__EXERCISE OBJECTIVE__. Would you retype exactly the lines from the one holding "a antena parabólica" through the last line of the listing, and only those, without pictures?

__RECORDED DATA__.
_____
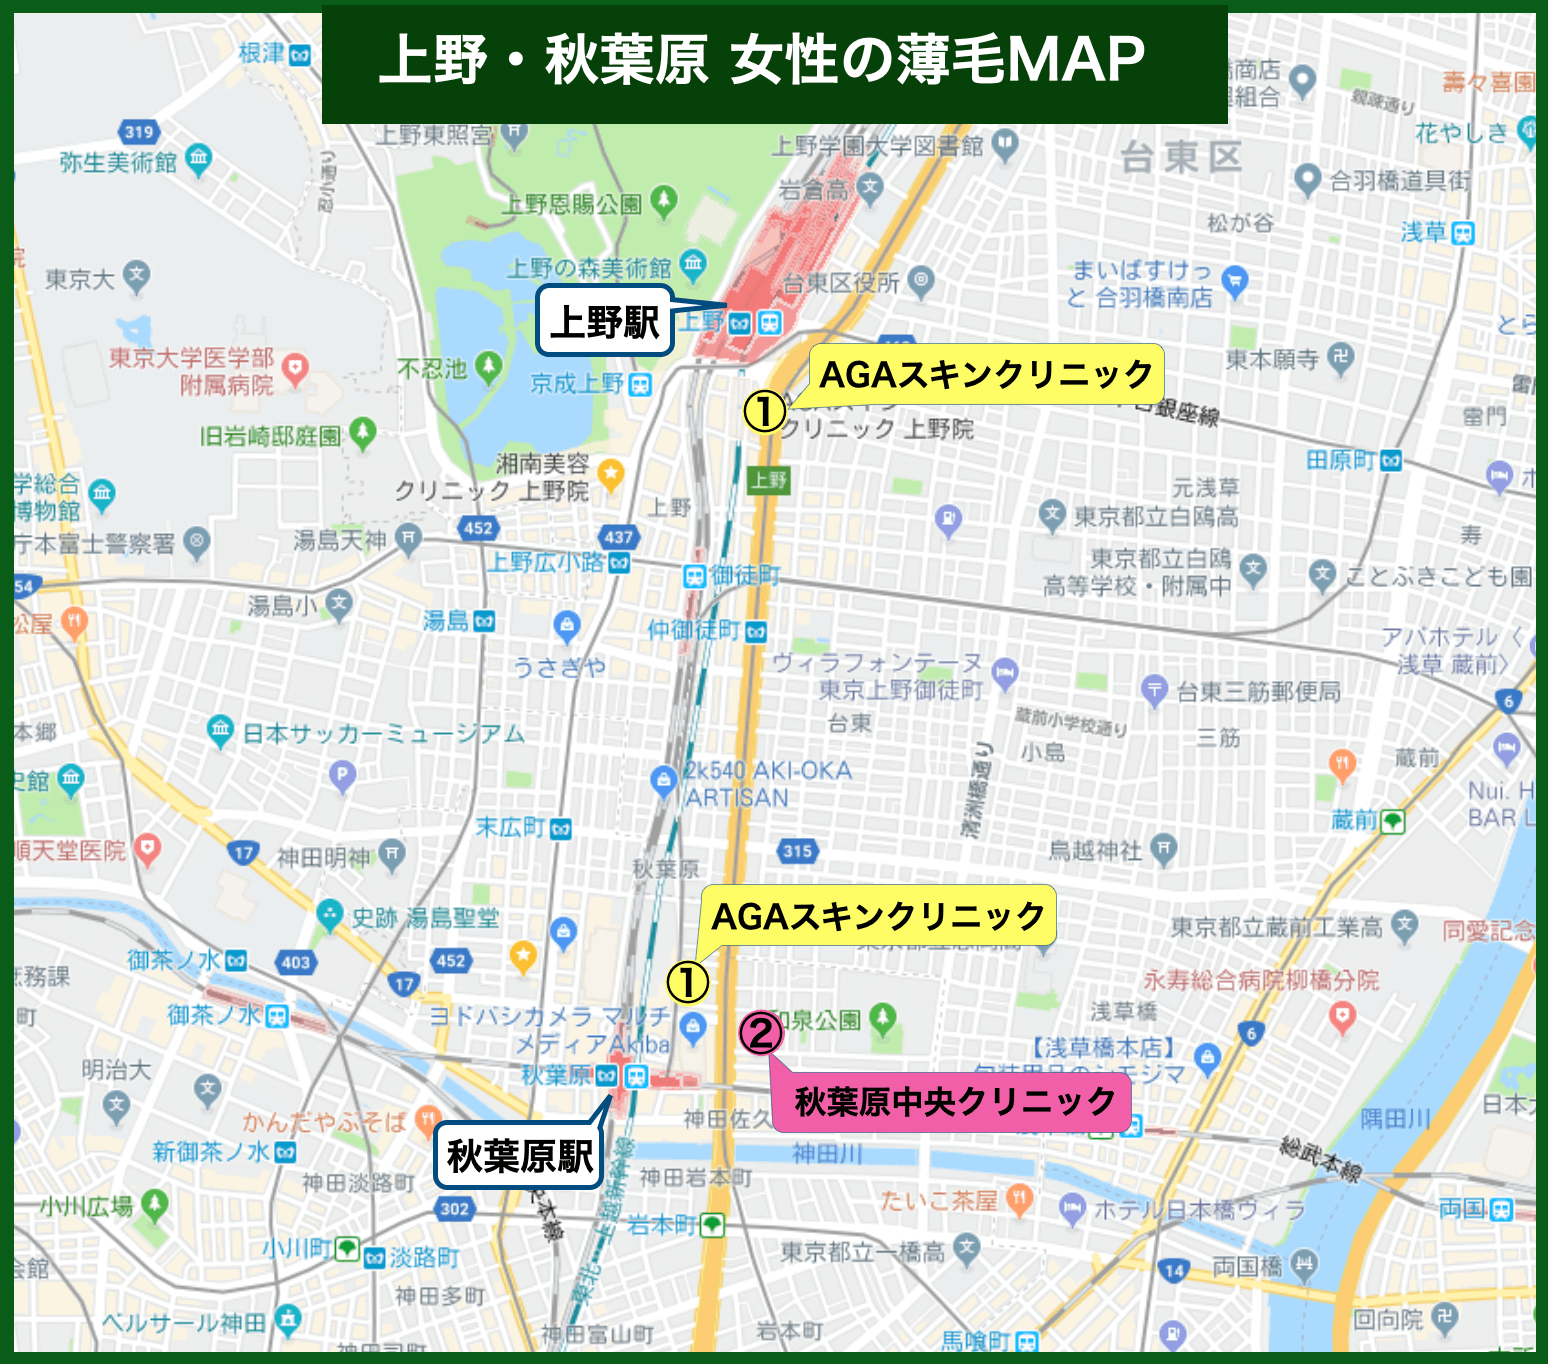 上野・秋葉原女性の薄毛MAP
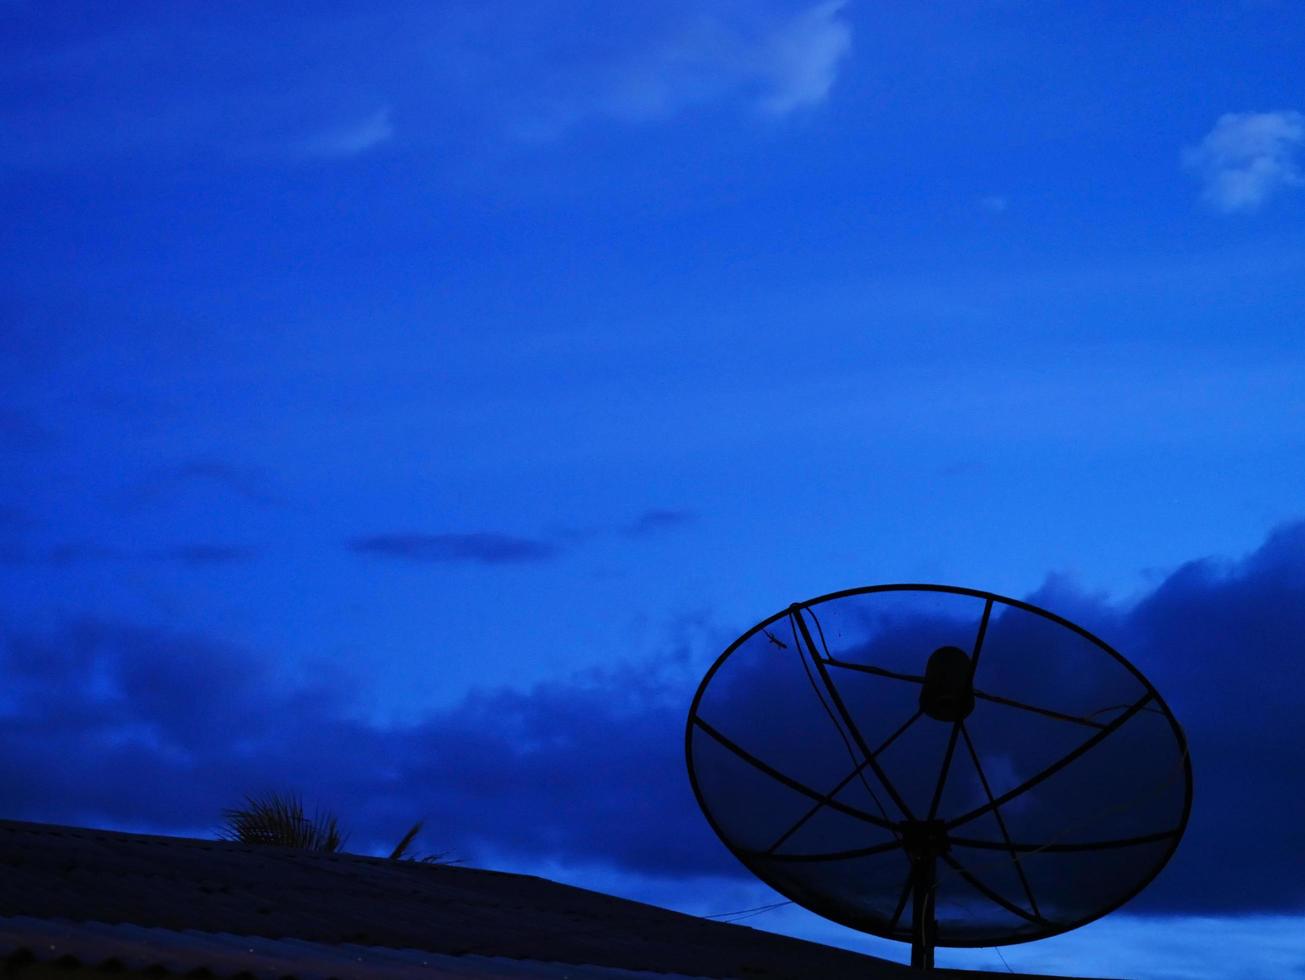 a antena parabólica foi instalada na casa à noite. foto
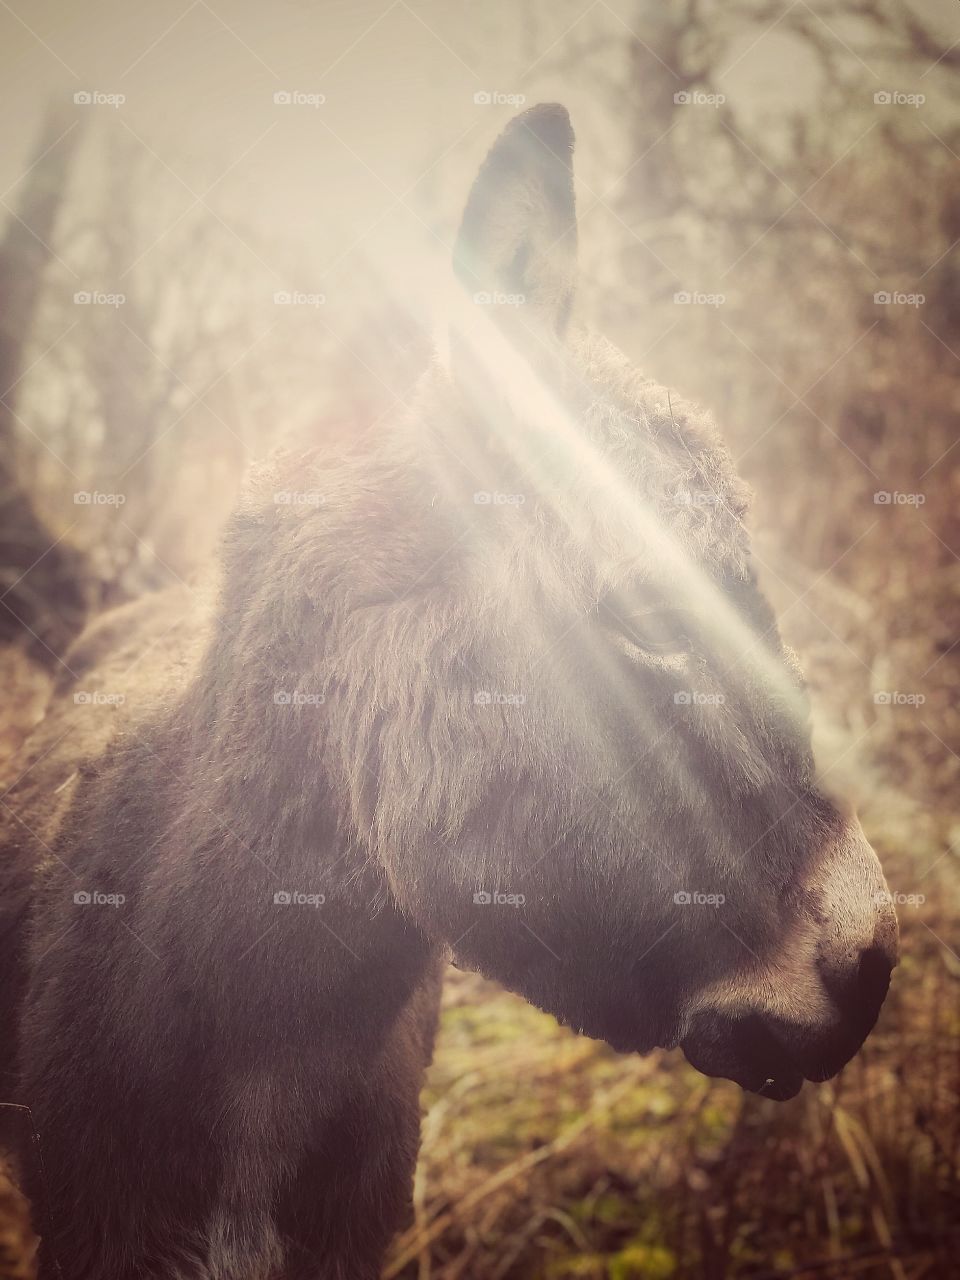 Fotogenic donkey! 
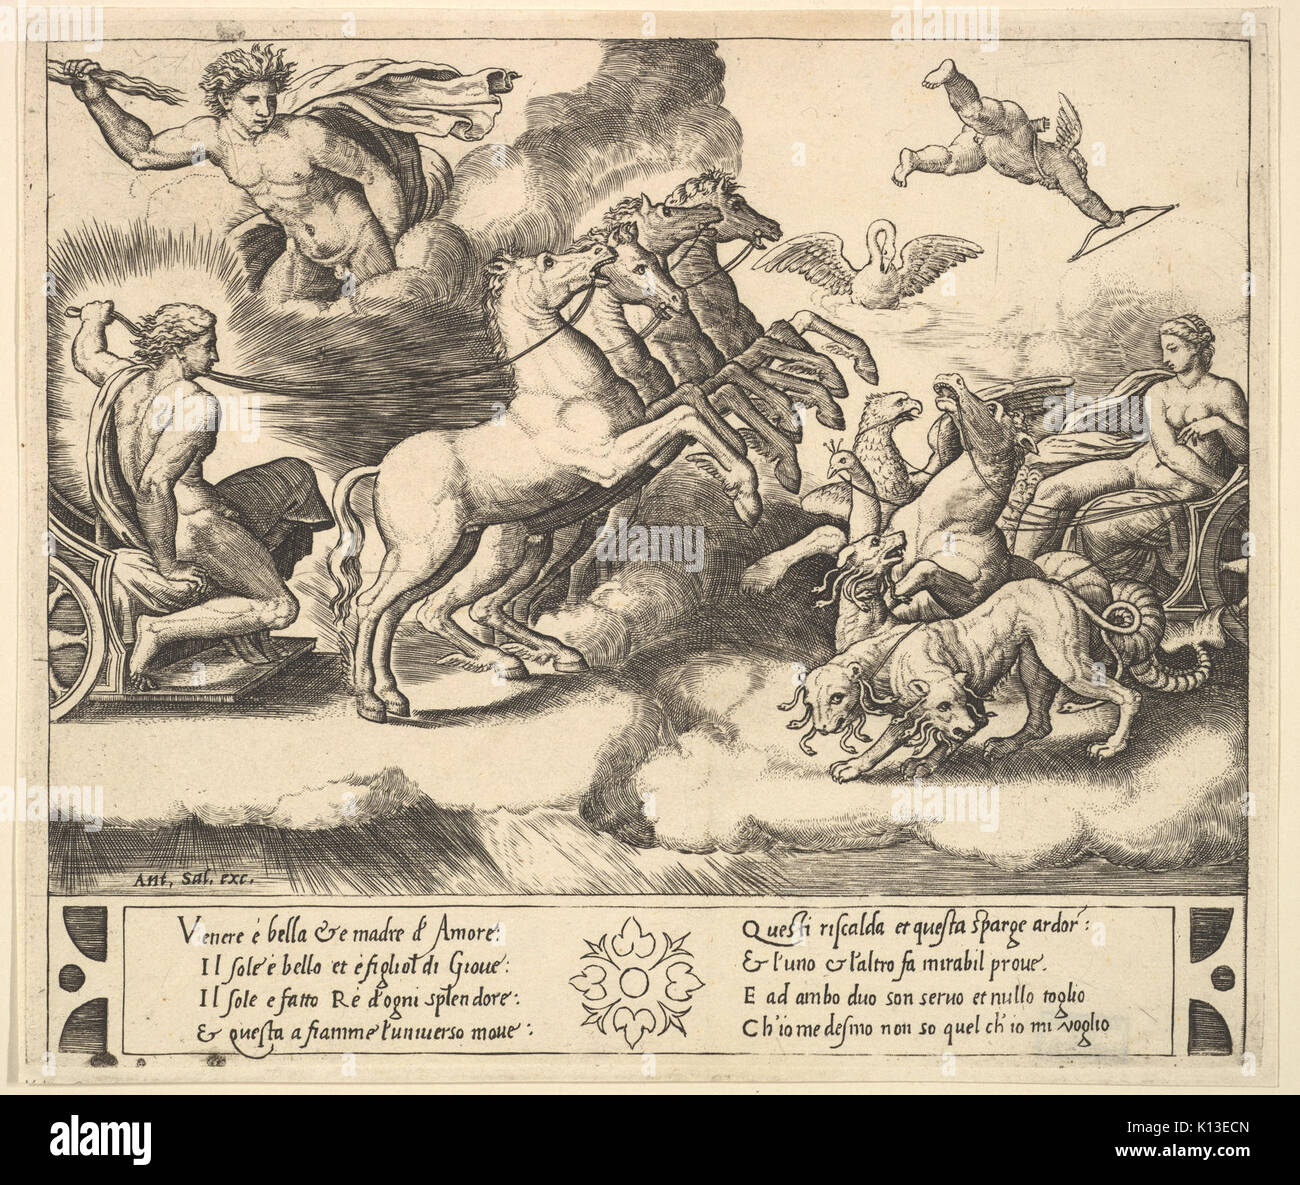 Apollo nel suo cavallo e carro a sinistra, sopra di lui al di sopra di Giove scaglia una Thunderbolt, Venere a destra nel suo carro trainato da animali incontrati DP824408 Foto Stock
_____
__SOLVED PROBLEM__.
 a antena parabólica foi instalada na casa à noite. foto
 Fotogenic donkey! 
 Apollo nel suo cavallo e carro a sinistra, sopra di lui al di sopra di Giove scaglia una Thunderbolt, Venere a destra nel suo carro trainato da animali incontrati DP824408 Foto Stock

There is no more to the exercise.